So what I'm going to do is I'm going to rank on a monthly basis every horror movie that has ever been made in the history of mankind. Now, obviously we can't do that all at once. So we are going to do this a little bit at a time. And to introduce how this is going to work, I want to introduce you to our friend, The List. This is The List. Right now, totally empty. There is nothing on there, but we're going to change that. I've got a selection of 10 films that we are going to rank tonight.
And then we will continue to do so in the future. On a monthly basis. Some of these, hey, I've talked about on other shows, but so be it. Um. Oh, no. Okay, there we go. So you should have audio now. Sorry about that. Yeah, okay. All right, I can fix that. I can fix that. My dad's got a monster set of tools. Anyway, so how it's gonna work, you saw the list, even though the audio cut out when I went to the list, therein lies our problem.

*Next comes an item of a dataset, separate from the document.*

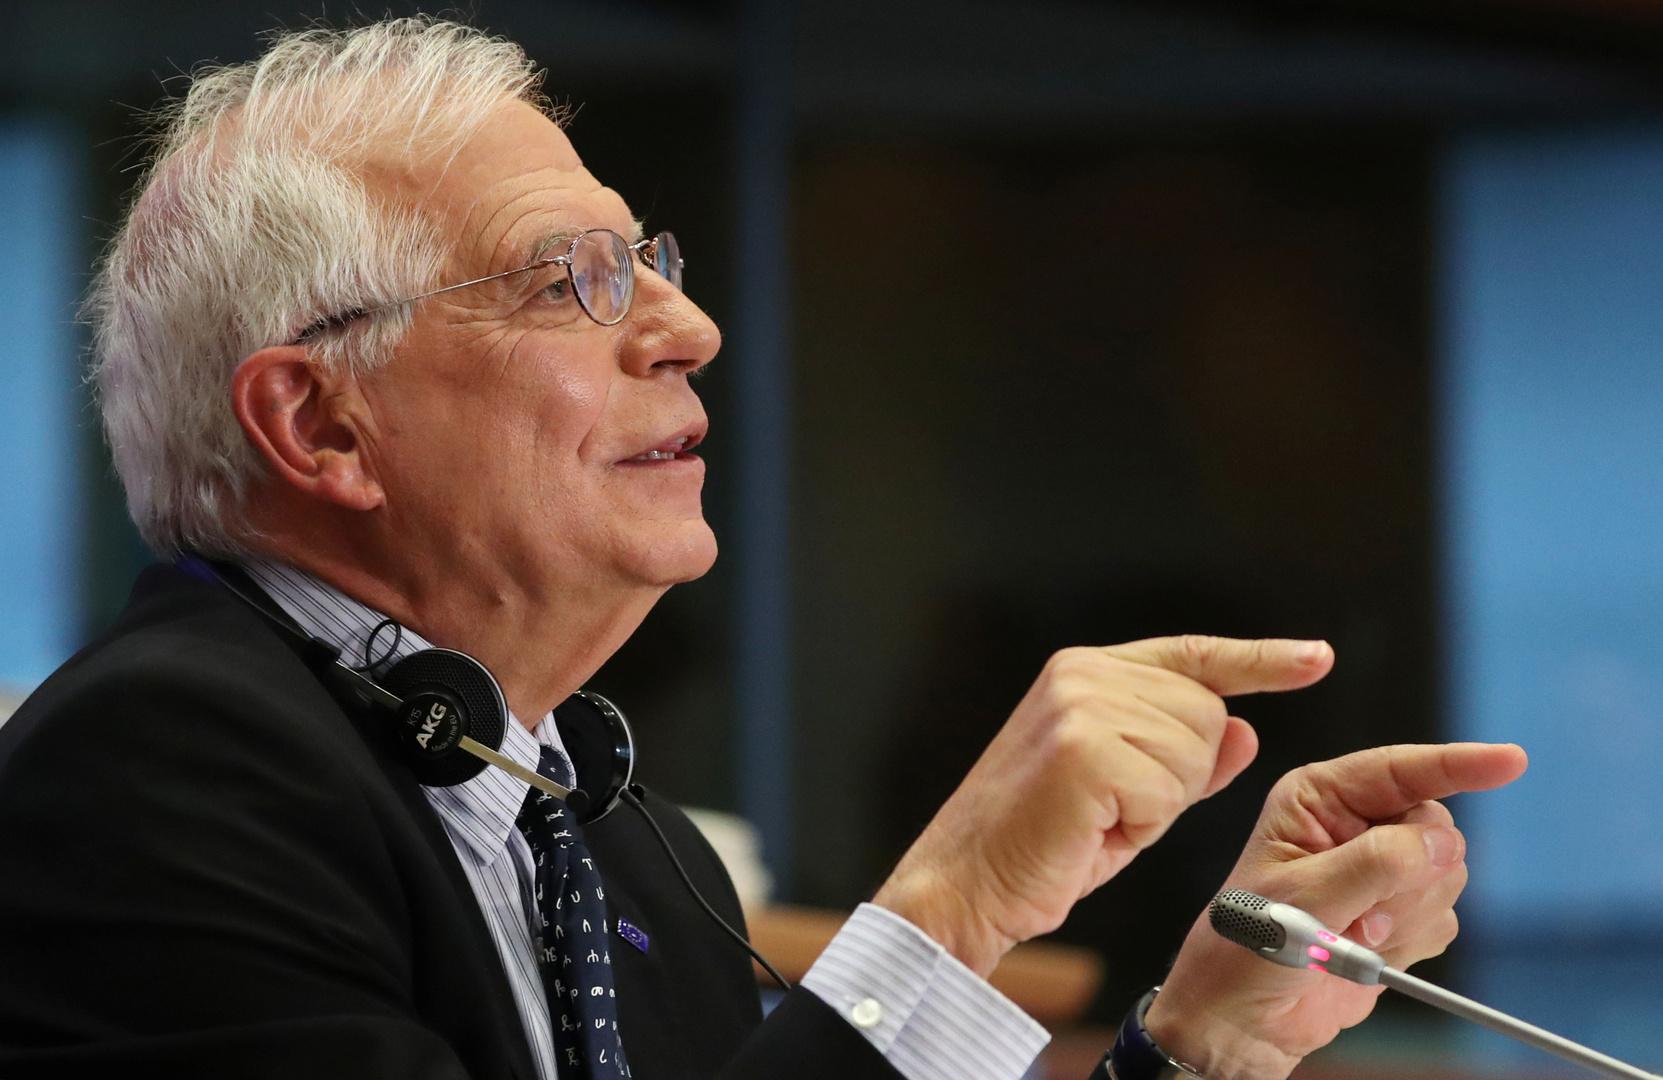 الاتحاد الأوروبي يحذر من خطر الانزلاق إلى مواجهة دولية مفتوحة في إدلب!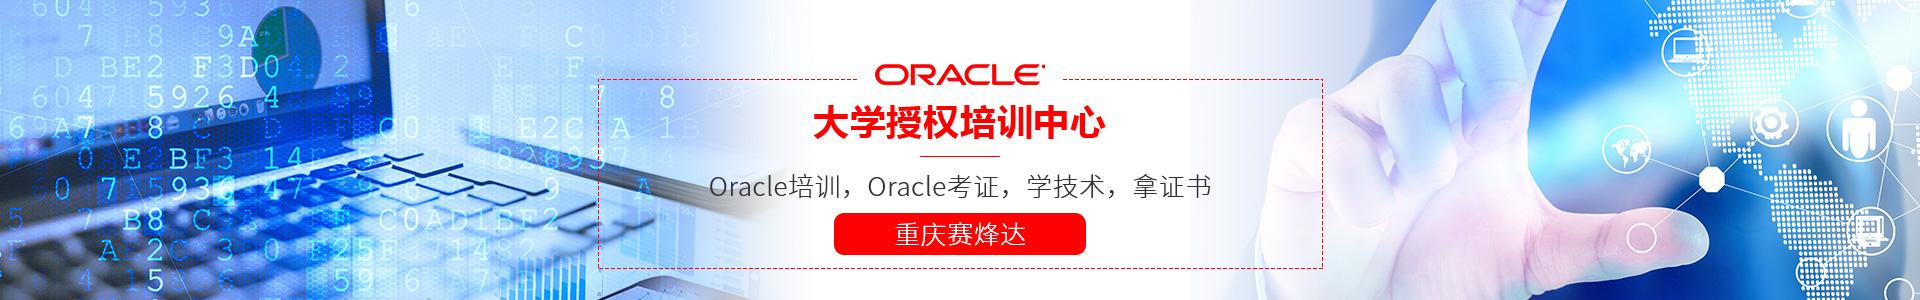 重庆oracle认证培训机构

So the list is empty for now, but we are going to fill it with 10 films tonight. Now when we end the show this evening, we will have the best horror movie that has ever been made along with the worst horror film that has ever been conceived, and then eight films in between. Now the full list will grow month by month, and as I record podcasts and watch stuff, and also, not for nothing, recommend some. If you want to recommend a film to be ranked, scientifically, then by all means, let's do it.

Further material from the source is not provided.